Harry Shah

Personal information
- Full name: Harilal Raishi Shah
- Born: 14 February 1943 Nairobi, Kenya Colony
- Died: 11 June 2014 (aged 72) Nairobi, Kenya
- Batting: Right-handed
- Bowling: Right-arm medium
- Role: Batsman

International information
- National side: East Africa;
- ODI debut (cap 2): 7 June 1975 v New Zealand
- Last ODI: 14 June 1975 v England

Career statistics
| Competition | ODI | First-class |
| Matches | 3 | 1 |
| Runs scored | 6 | 92 |
| Batting average | 2.00 | 46.00 |
| 100s/50s | 0/0 | 0/1 |
| Top score | 6 | 59 |
| Catches/stumpings | 0/– | 0/– |
- Source: Cricinfo, 20 January 2022

= Harilal Shah =

East African cricketer (1943–2014)

Harilal Raishi Shah (14 April 1943 - 11 June 2014) was an East African cricketer from Nairobi, Kenya. He played three One Day Internationals in the 1975 World Cup.

==Biography==
Shah, known as "Harry" by colleagues, was a tall Indian Kenyan who played as a middle-order batsman.

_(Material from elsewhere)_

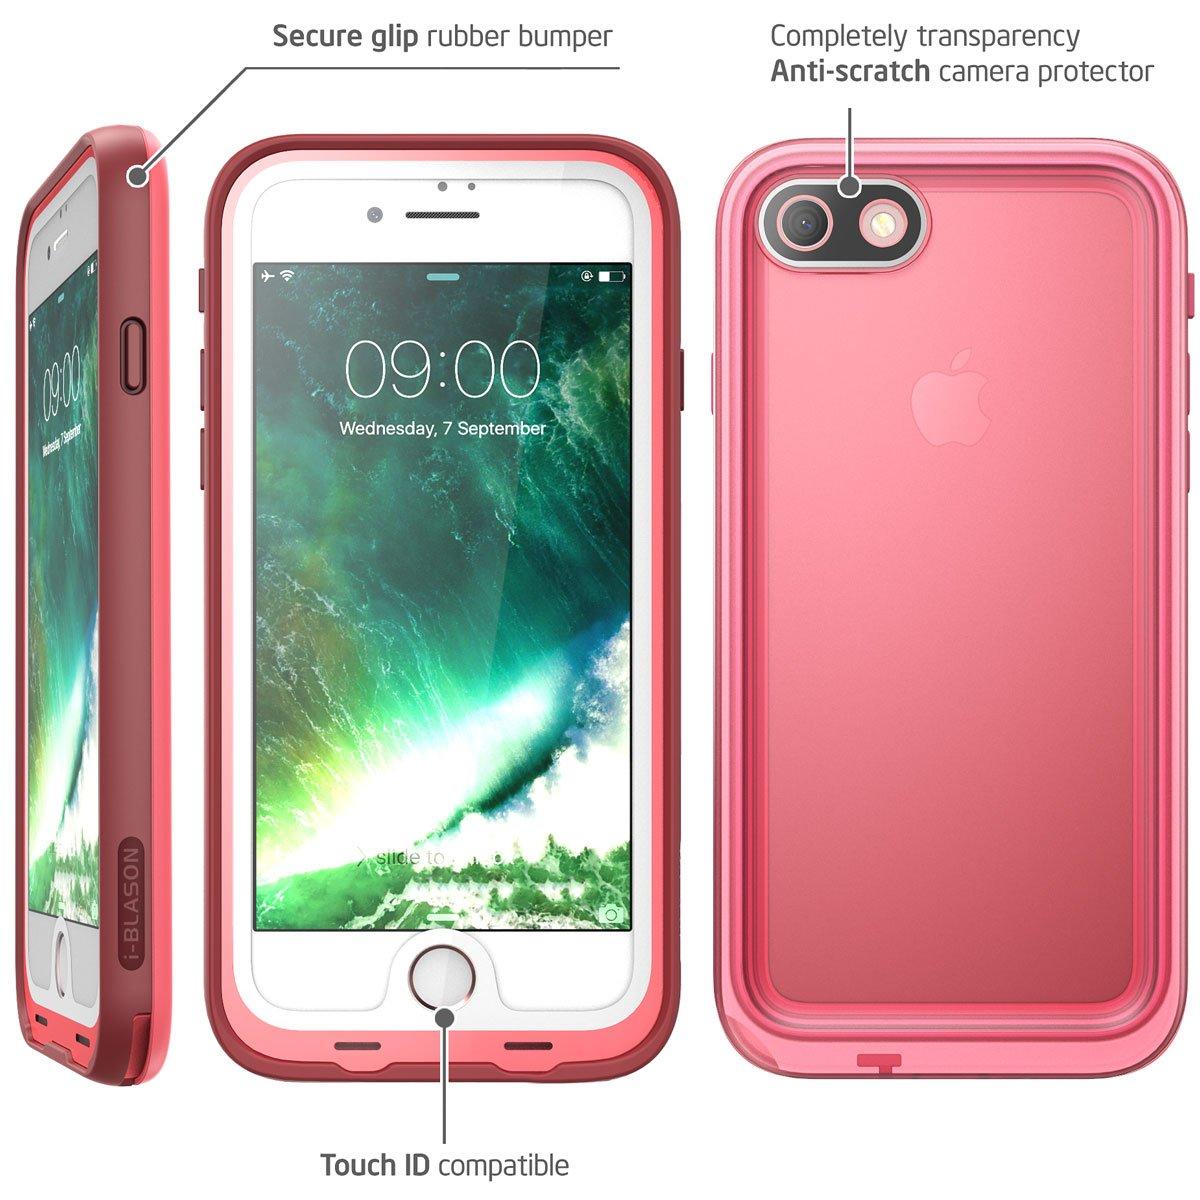 44a18e5117ed3 iPhone 8 Case, i-Blason [Aegis] Waterproof Full-body Rugged Case ...

In his three ODI innings at the 1975 Cricket World Cup he scored 6 runs only. He scored ducks in his first two games against New Zealand and India before making 6 against England. After the world cup he played a first-class game against Sri Lanka in Taunton after both teams were eliminated from the world cup. In it he scored hitting 59 and 33. Sri Lanka's performance in that match was judged with its application to play test match cricket, however they were bowled out on the first day and had a first innings deficit to the East Africans. That evening the Sri Lankan's were informed they were not ready for test cricket yet. Shah cite this moment as his most memorable moment in his playing career. The Sri Lankans still won the match by 115 runs. Shortly after returning to Kenya after the world cup he was due to travel to a match on 4 October 1975 in a car with fellow cricketer Don Pringle, but Shah decided to have one more drink and come in the next car. Pringle was killed in a road accident on that day, meaning Shah avoided the same fatal accident.

Shah was involved as an administrator of the game after his retirement from play. He was the chairman of the 1994 ICC Trophy which was hosted in Kenya. He then managed the Kenyan national side including during the 1999 World Cup in England and subsequently became their chief of selectors.

He died on 11 June 2014.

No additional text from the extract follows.